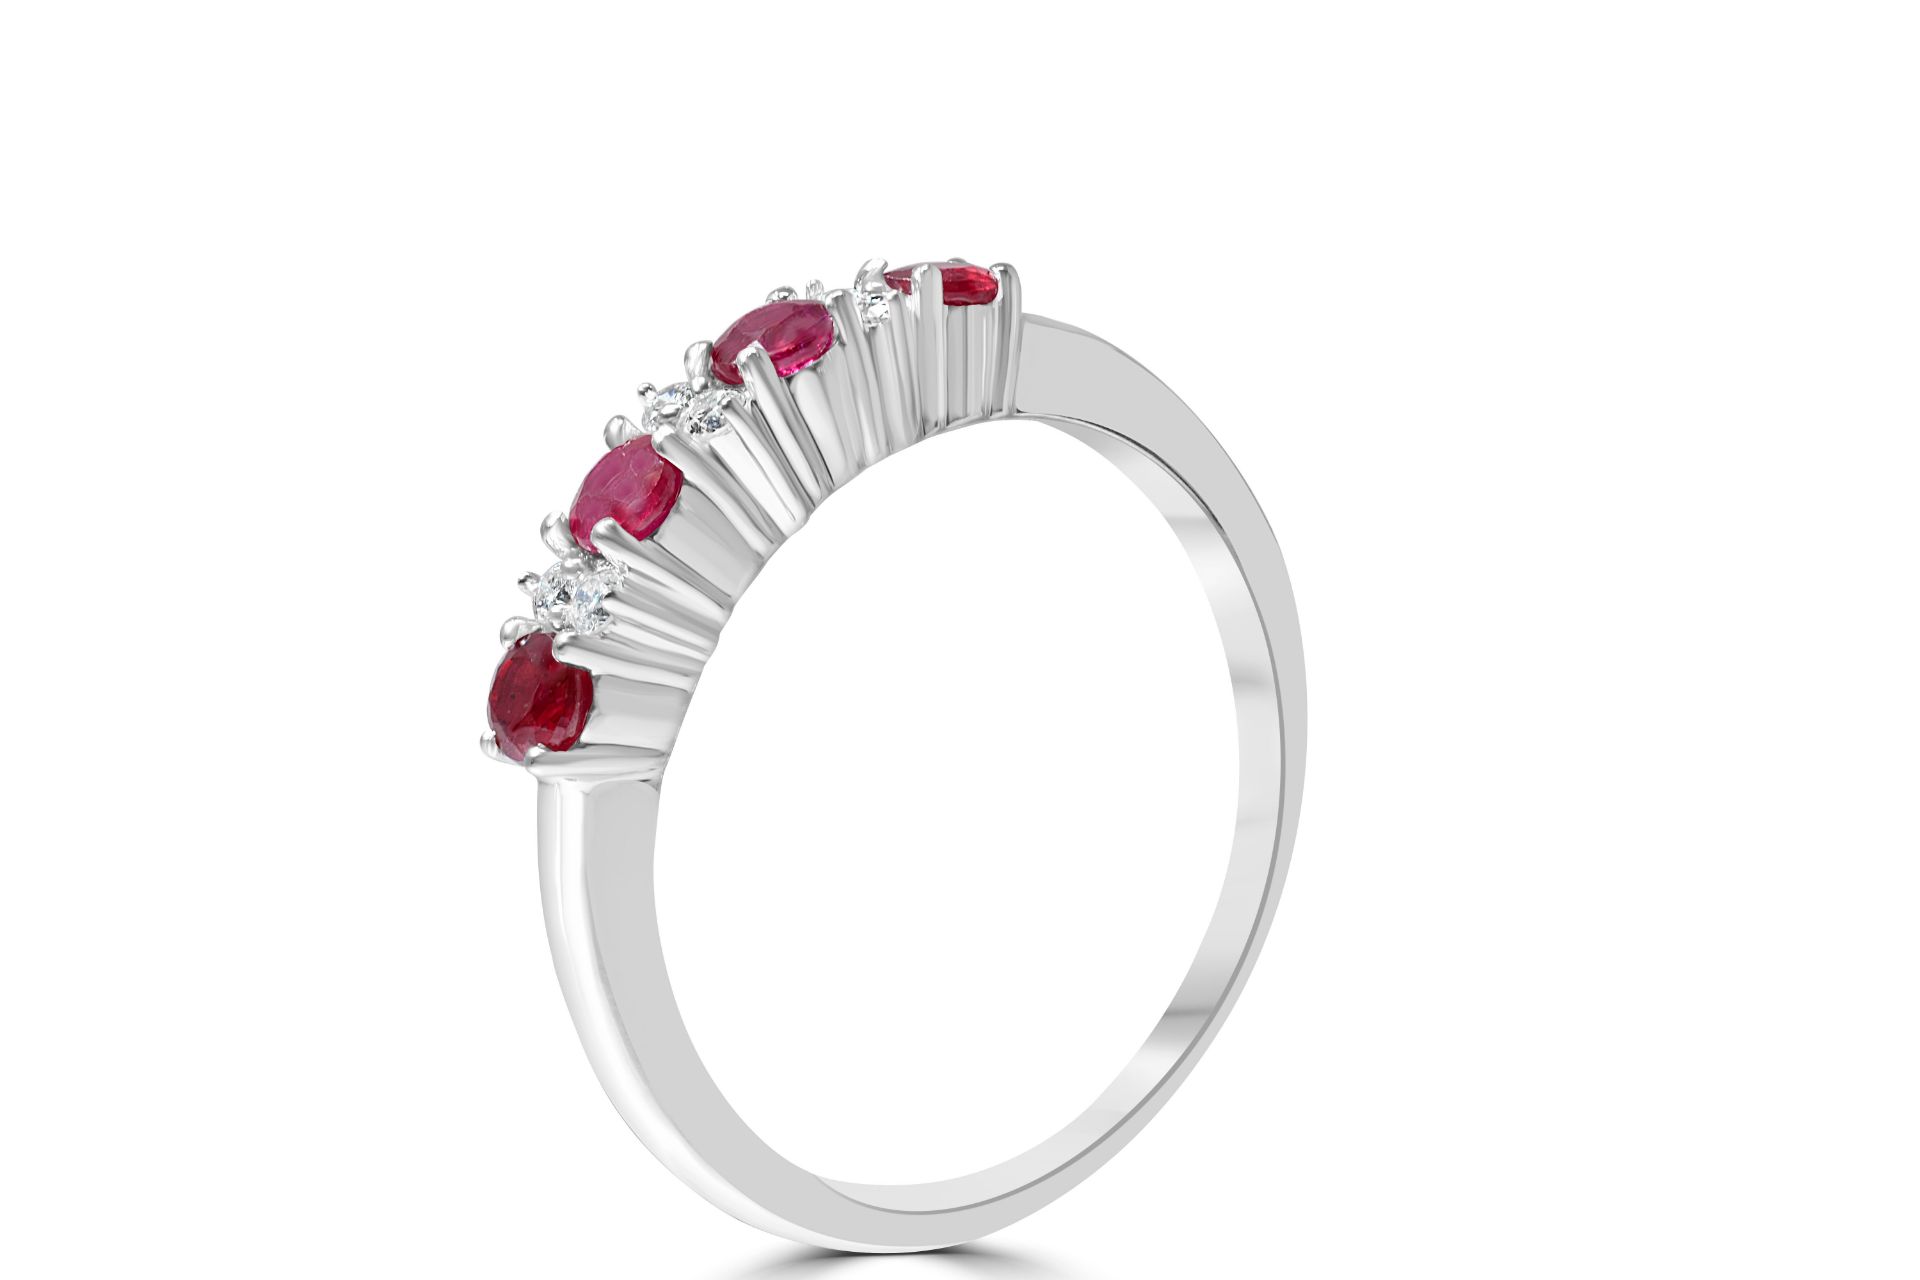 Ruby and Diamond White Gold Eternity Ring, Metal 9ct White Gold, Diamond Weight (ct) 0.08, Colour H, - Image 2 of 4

==

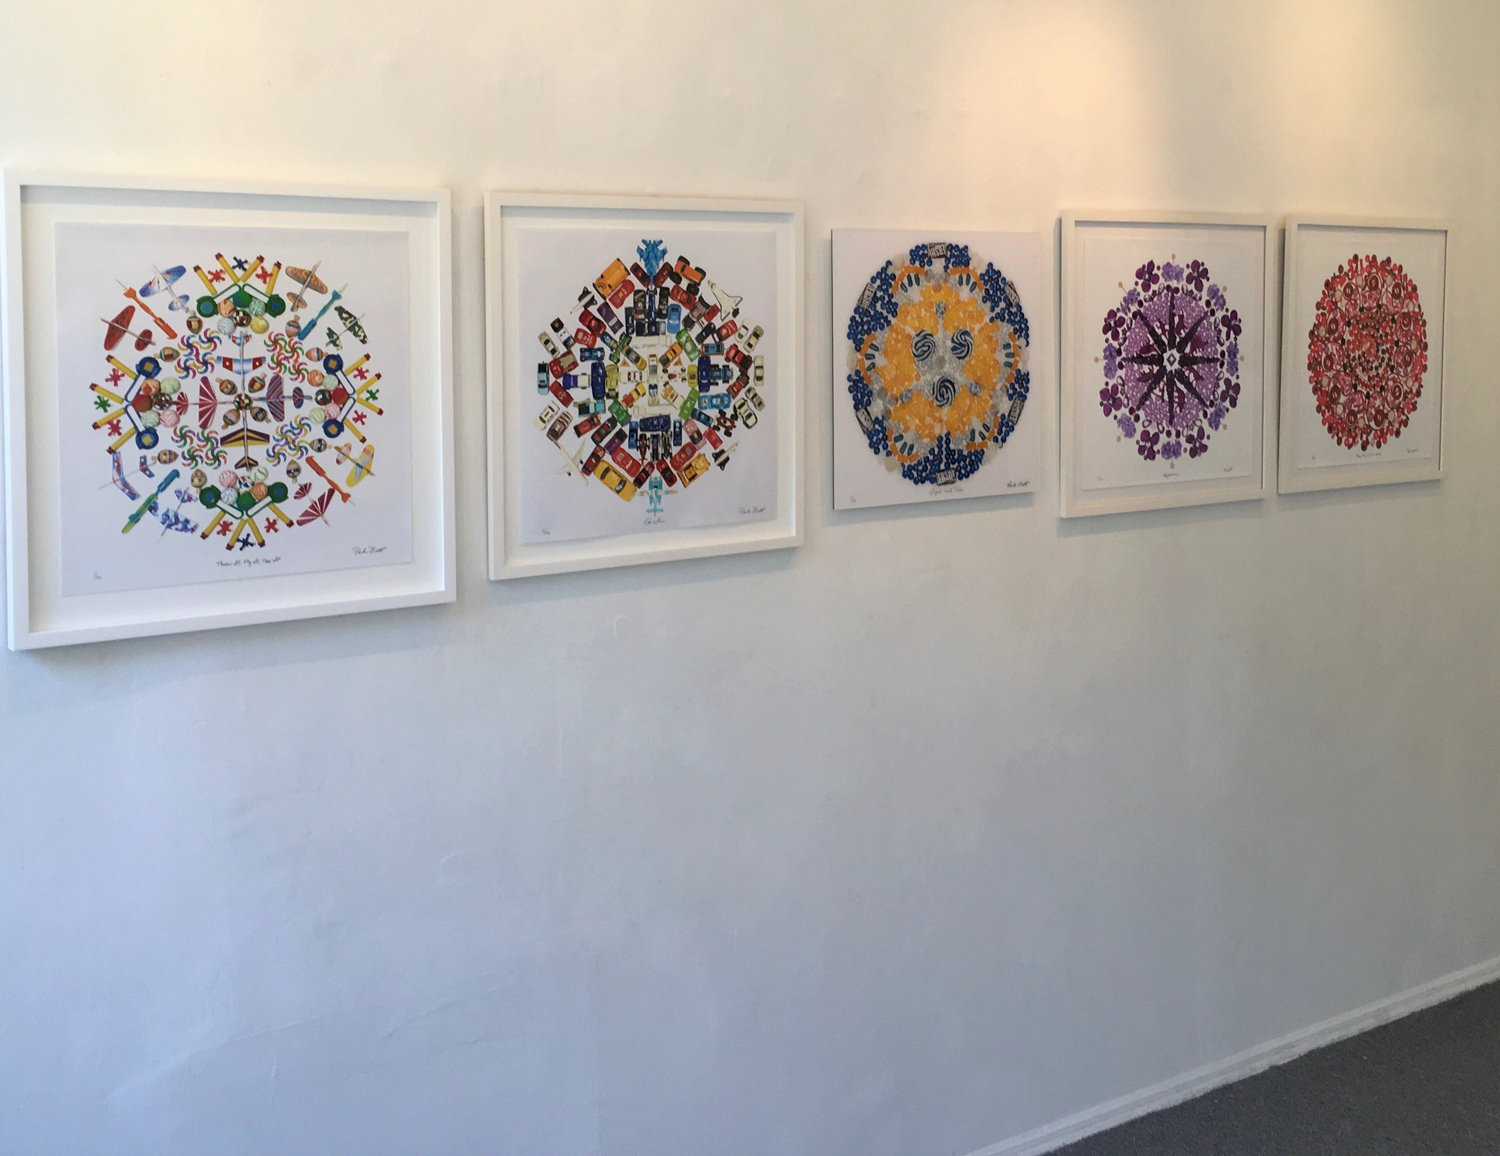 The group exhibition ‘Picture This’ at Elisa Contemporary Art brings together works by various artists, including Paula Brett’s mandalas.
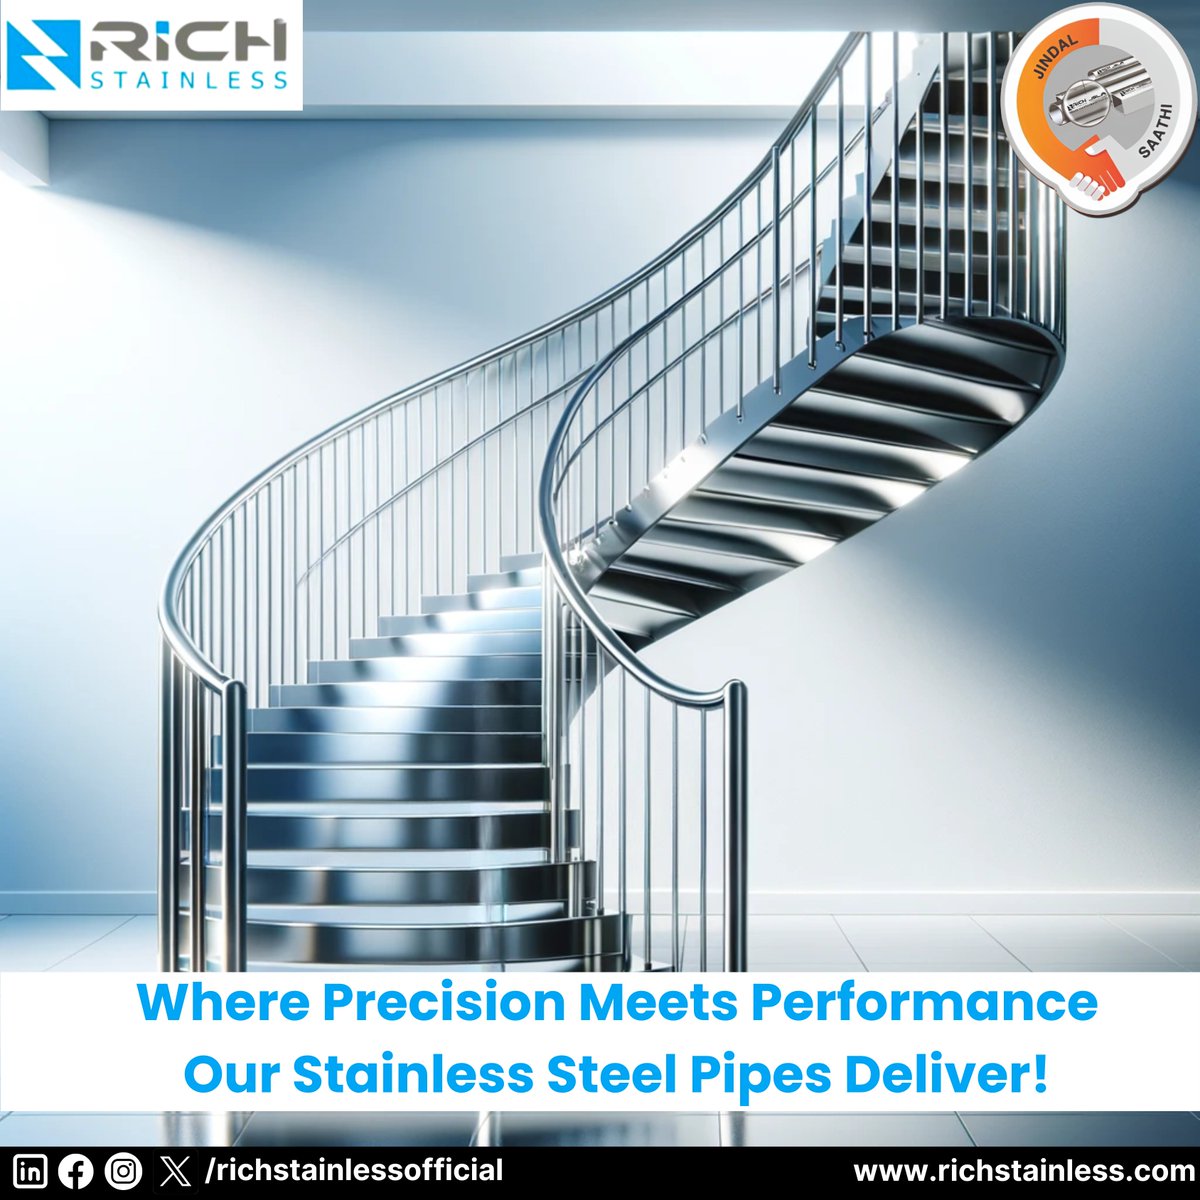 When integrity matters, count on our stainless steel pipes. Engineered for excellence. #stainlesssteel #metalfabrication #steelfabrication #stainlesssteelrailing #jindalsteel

- [ABOUT THIS EXERCISE]: Start at the line containing "The group exhibition" above and stop at the line containing "When integrity matters, count". Output those lines exactly, both included, but none of the pictures.

- [RESPONSE TO THE EXERCISE]:
 The group exhibition ‘Picture This’ at Elisa Contemporary Art brings together works by various artists, including Paula Brett’s mandalas.
 When integrity matters, count on our stainless steel pipes. Engineered for excellence. #stainlesssteel #metalfabrication #steelfabrication #stainlesssteelrailing #jindalsteel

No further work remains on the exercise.